Searchable Attribute Order
Multiple searchable attributes are usually ranked: a match in name outweighs a match in description. Algolia and Meilisearch let you set the order:
searchableAttributes: [
"name", // highest weight
"brand",
"category",
"tags",
"description", // lowest weight
]A bad order ruins relevance: if description outranks name, "espresso" matches anything that mentions espresso anywhere, not espresso machines first.
Relevance Tuning
Default relevance is good. Custom ranking signals are how you make it great.
Built-in Ranking Rules
Most engines rank by:
- Typos — fewer typos rank higher
- Proximity — query words close together rank higher
- Attribute — match in higher-weight attribute ranks higher
- Exactness — exact match outranks prefix match
- Custom signals (your turn)
Custom Ranking
Add signals that reflect business value:
- Popularity — items with more views/clicks rank higher
- Stock — in-stock items above out-of-stock
- Recency — newer items boosted
- Featured / promoted — manual boosts
// Meilisearch: rank tied results by these attributes
"rankingRules": [
"words", "typo", "proximity", "attribute", "exactness",
"popularity:desc", // custom: most popular wins ties
"in_stock:desc",
]Synonyms
// Algolia / Meilisearch synonyms
{
"couch": ["sofa", "loveseat"],
"sneakers": ["trainers", "tennis shoes"],
}Mine your search analytics for queries that should match: "what's the difference between sneakers and trainers" → same products.

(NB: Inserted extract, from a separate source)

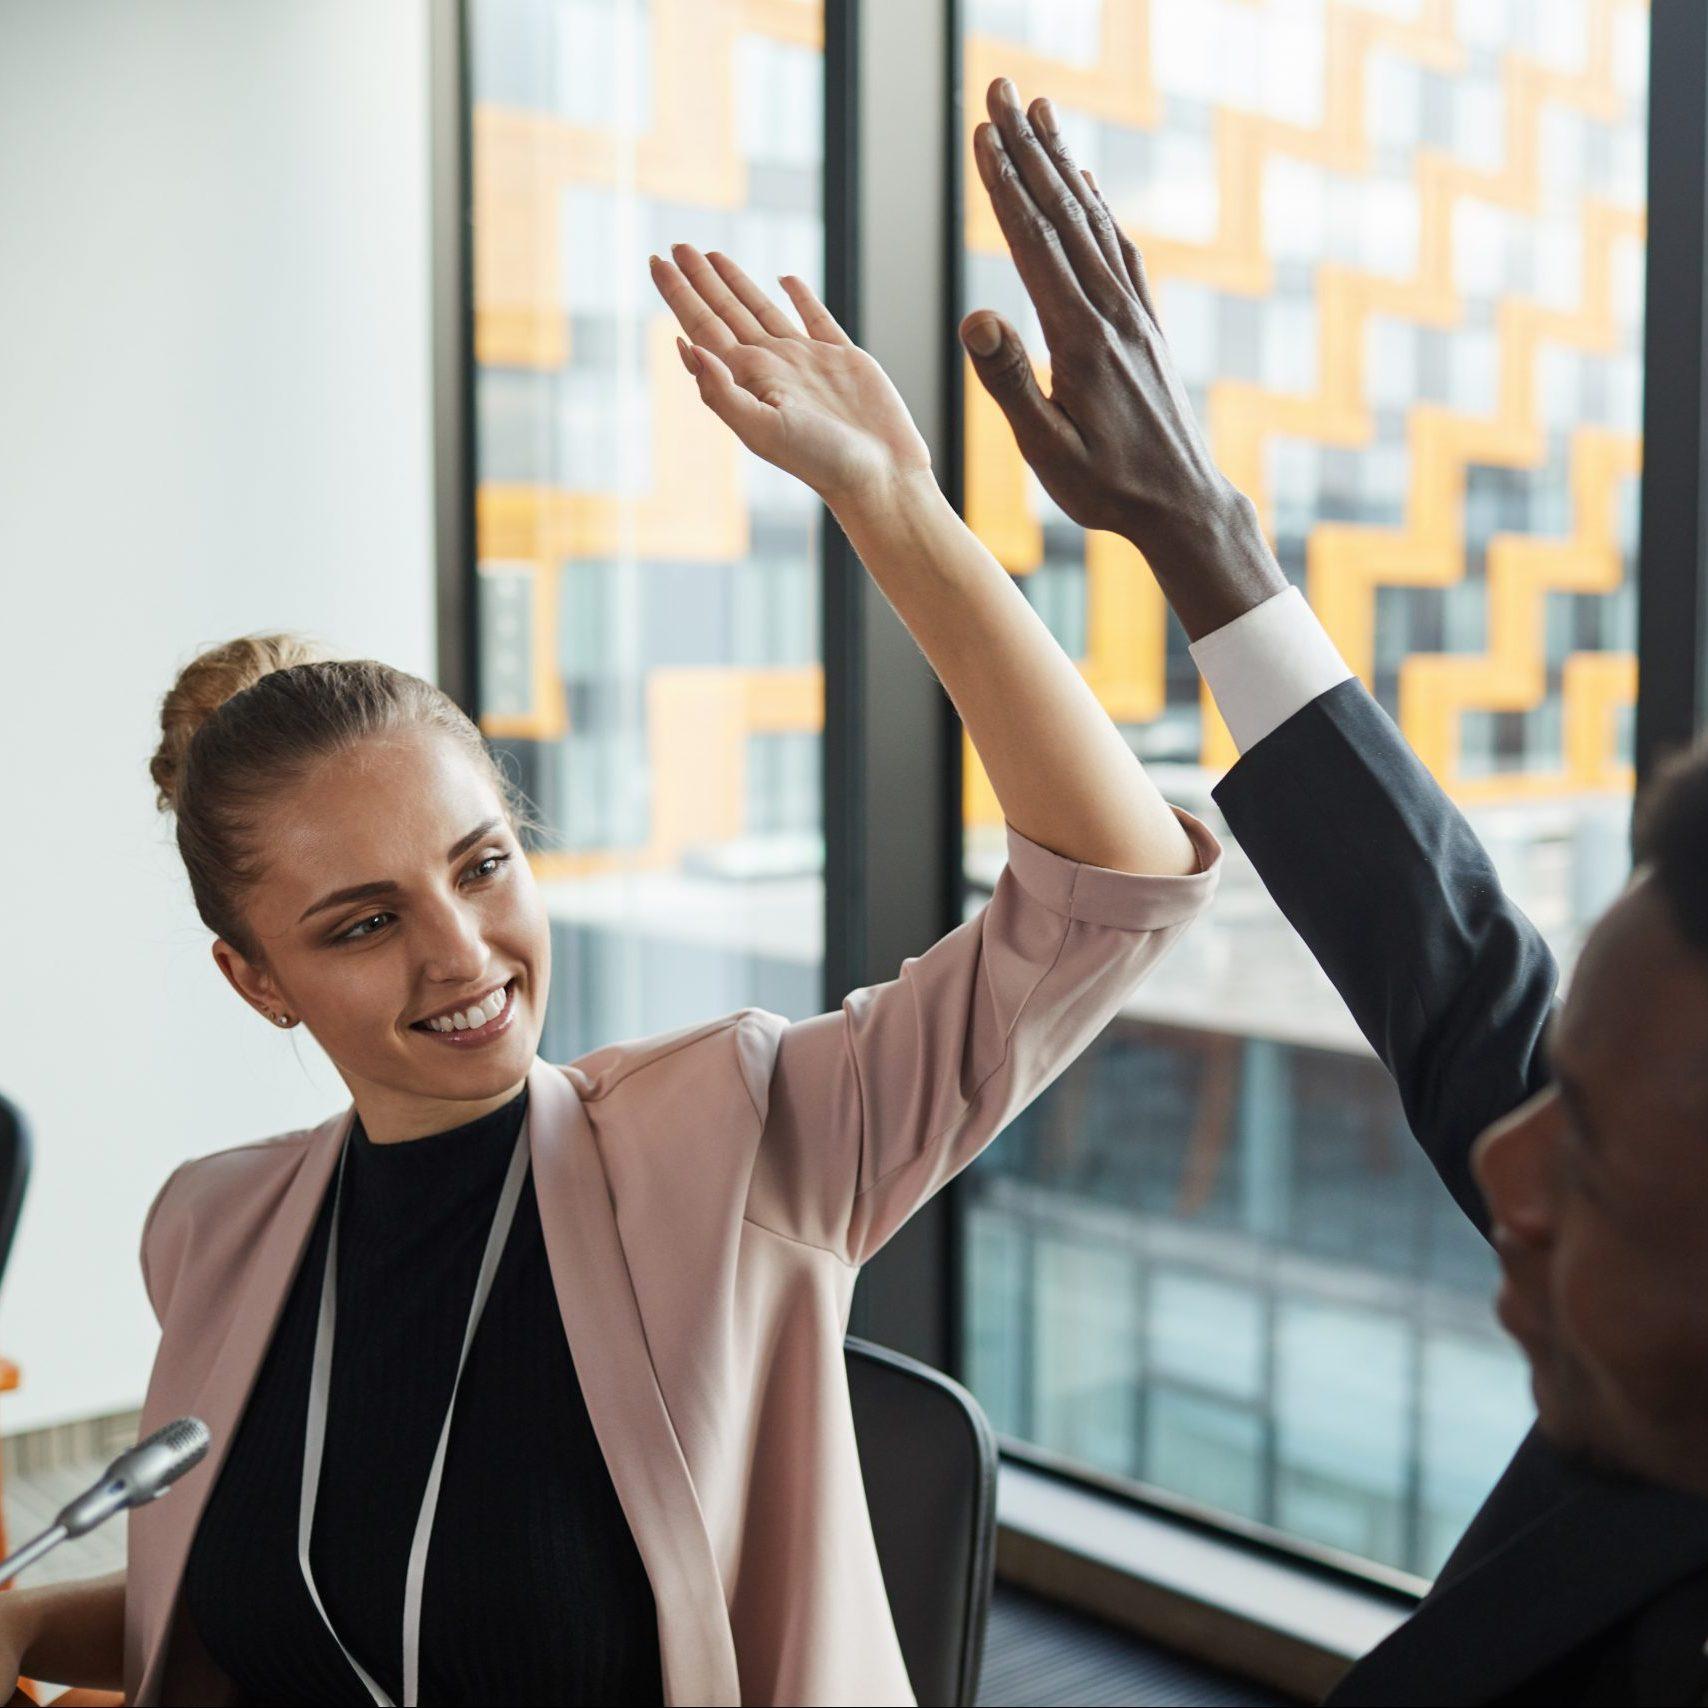 Success in business reaching goals

Click-Through Tuning (the dream goal)
Top-tier search:
- Log every query + click.
- Build a model: which queries / contexts make which results valuable.
- Re-rank: rank up things that get clicked, down things that don't.
Algolia bakes click-tuning into their product. With Meilisearch/Typesense you can roll your own using a custom ranking attribute that you periodically recompute from click data.
Indexing Strategy
Batch on Initial Load, Stream on Updates
Initial indexing of millions of records — batch (5,000 docs per request, parallel). Once steady-state, push individual document updates as they happen (CDC stream, message queue, app-level hooks).
// Bulk indexing
const BATCH = 5000;
for (let i = 0; i < docs.length; i += BATCH) {
await index.addDocuments(docs.slice(i, i + BATCH));
}
// Streaming updates
await index.updateDocuments([changedDoc]); // single docAsync indexing is the norm — addDocuments returns immediately with a task ID; the engine indexes in the background. Poll the task or just trust it for non-critical paths.
CDC From Your Database
The reliable pattern: change-data-capture from Postgres / MySQL → message queue → indexer → search engine.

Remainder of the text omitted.